Data is the new black, or maybe more appropriately the new gold. If you’re in the business of doing business with data, it’s often the last thing you’ll want to give out free. But that might be just what you have to do.
My good friend Hugo Gävert gave a talk in a data science meet-up a while ago. He made a really good point about the need for transparency. Even if you can show a data model has provided undeniable benefits, it needs to be broken down to digestible bits. The Client – your boss, marketing department, another company, whatever the situation is, is sceptical. Maybe even a bit scared of your numbers. You have to convince them, and transparency is the key.
Transparency in the data business, what is it?
The New York Times happened to publish a piece on AI and transparecy just last week. I found it a good read with many anecdotes and interesting bits of history. Long story short: we’re getting to a point where it’s impossible for humans to explain what AI:s do. The solution is of course another AI, which will break it down for us, leading to a recursive process of involving more and more AI:s.
It’s quite futuristic. Here I want to look at something more concrete and down to earth. I briefly touched on this subject in my last post, so let’s expand on those points a bit.
How do you gather data?
In some cases it’s self-evident – when just looking at a web page’s source code you will see what gets sent and where. There are freely available tools that will help you. When working with people data, the General Data Protection Regulation, GDPR, is basically making it criminal in the EU to not be transparent about what data you have.
Although it will definitely cause a lot of headaches for the data business, GDPR is fundamentally a good thing: the right of privacy can be seen as an extension of universally accepted human rights. But only time will tell what the actual outcome of those regulations are.
Anyway, be it people or things, the mechanisms of collecting data are fairly simple. But in many cases there is a big human element: making sure you’re not collecting garbage, missing anything or getting hidden biases. Probably someone will soon give me a counterexample, but machines are bad at taking into account things they don’t see or haven’t been designed to understand.
What exactly do you do with it?
Arriving at a conclusion about data involves a logical sequence of steps. And usually the intermediate results have at least some kind of intuitively understood property. Your client will have an idea of what it means, although they may not understand it completely. Visualising is a very useful tool here, maybe even more useful than visualising the end result!
Another well known and useful method is to reverse an analysis process from result to data. Examples are a powerful way of communicating. Showing the best matching input data for a given conclusion should give an intuitive undestanding that the system works. Otherwise you might want to double-check that your model is doing what it’s supposed to.
How good are your results?
Benefits over not using data are usually quite easy to show. You can compare with acting (hypothetically, although obviously nobody does) at random. Evaluating benefits over a human expert, or another data model or AI for that matter, may be more difficult. But many problems are still quantifiable in this sense. Some sort of success metrics are mandatory for a successful data project.

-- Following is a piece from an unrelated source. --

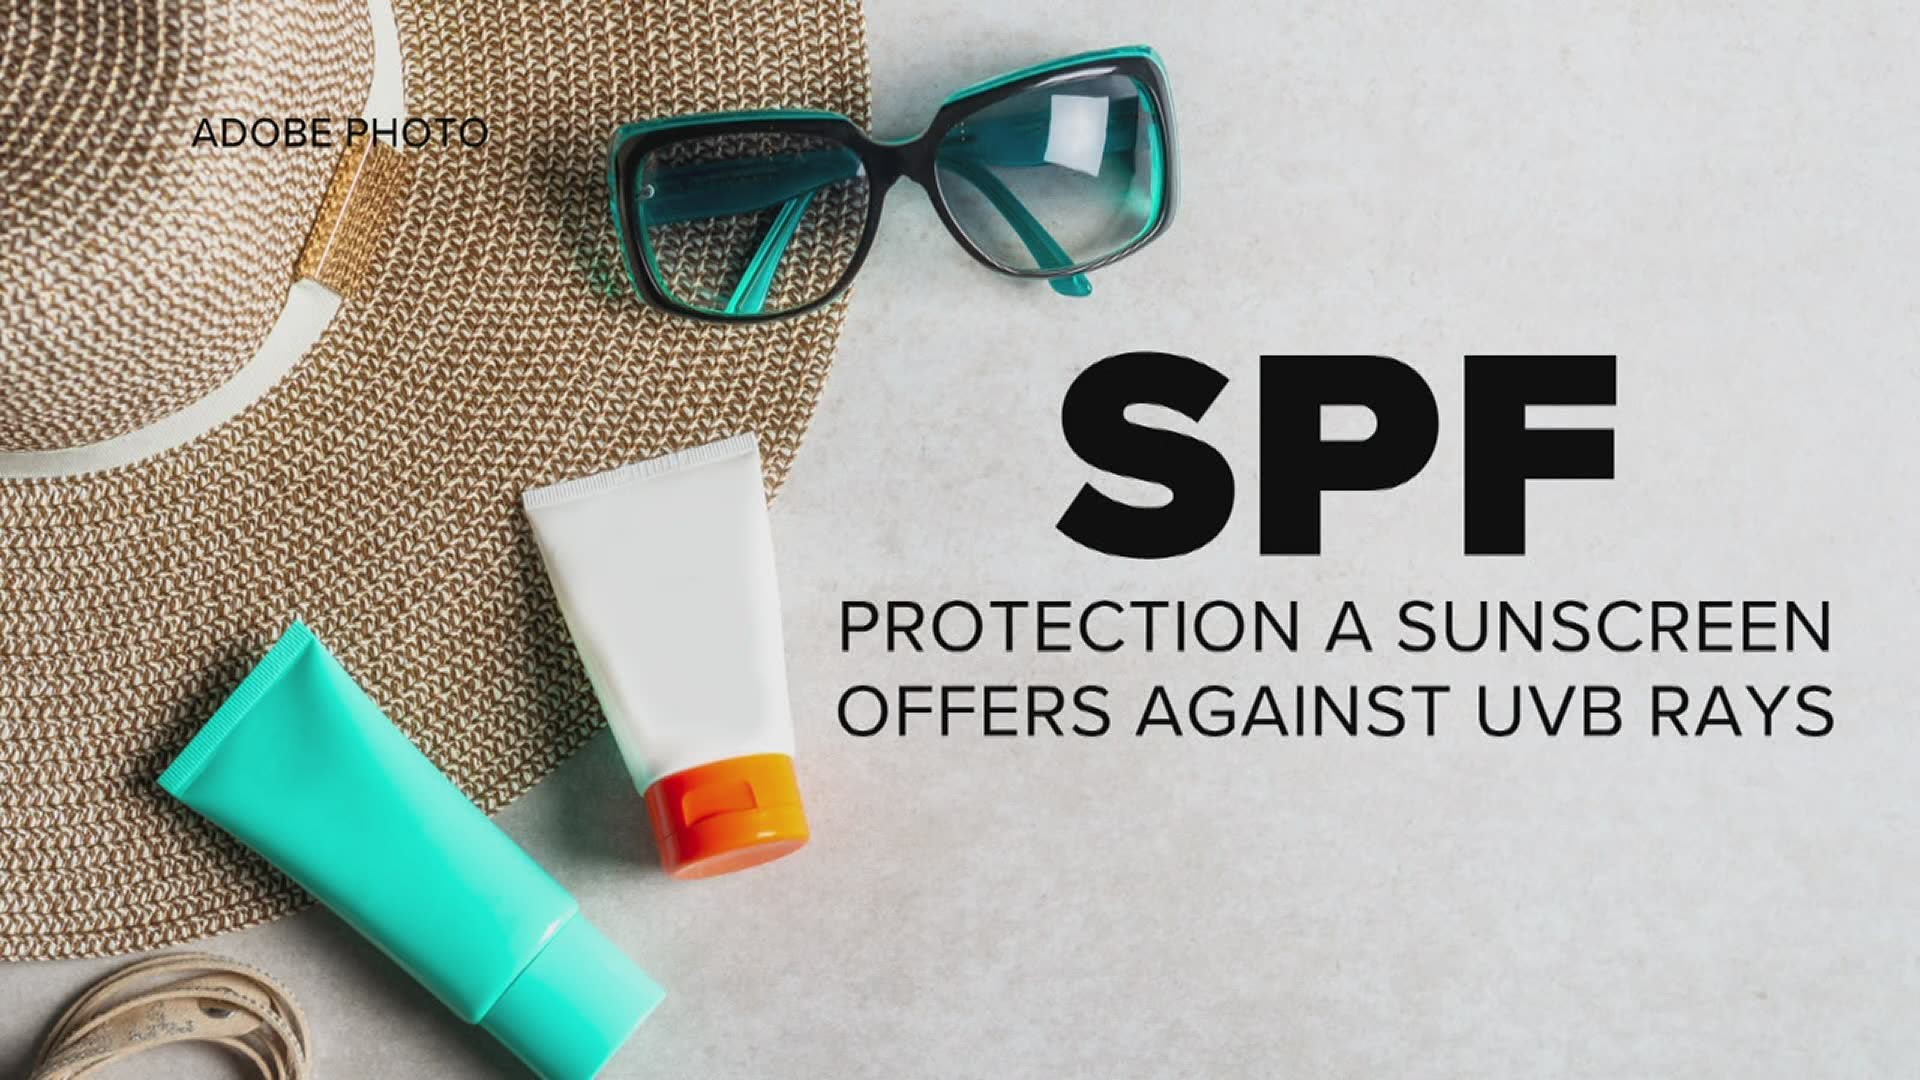 A summer of post-pandemic events and vacations means protecting your skin from the sun's harmful UV rays is more important than ever.

But it’s worth keeping in mind that even simple numbers are difficult. In the NY Times article, a 60% result for humans is barely better than a coin flip, and an AI excels with as high as 91%. We’re talking about being able to tell a person’s sexual orientation from their online dating profile picture.
I have no idea what those numbers mean! How do I score if I play it safe and assume everyone is heterosexual? I’m sure that the Stanford research group responsible for the results has answers, even multiple ones to a single question. They just can’t go throwing impressive-looking figures around like journalists can, and neither can any data scientist.
How can I influence it?
The client is the best authority on what is usable and needed. Use that to your advantage. Give control to the domain expert to fine-tune the system, model or process. That is the ultimate transparency.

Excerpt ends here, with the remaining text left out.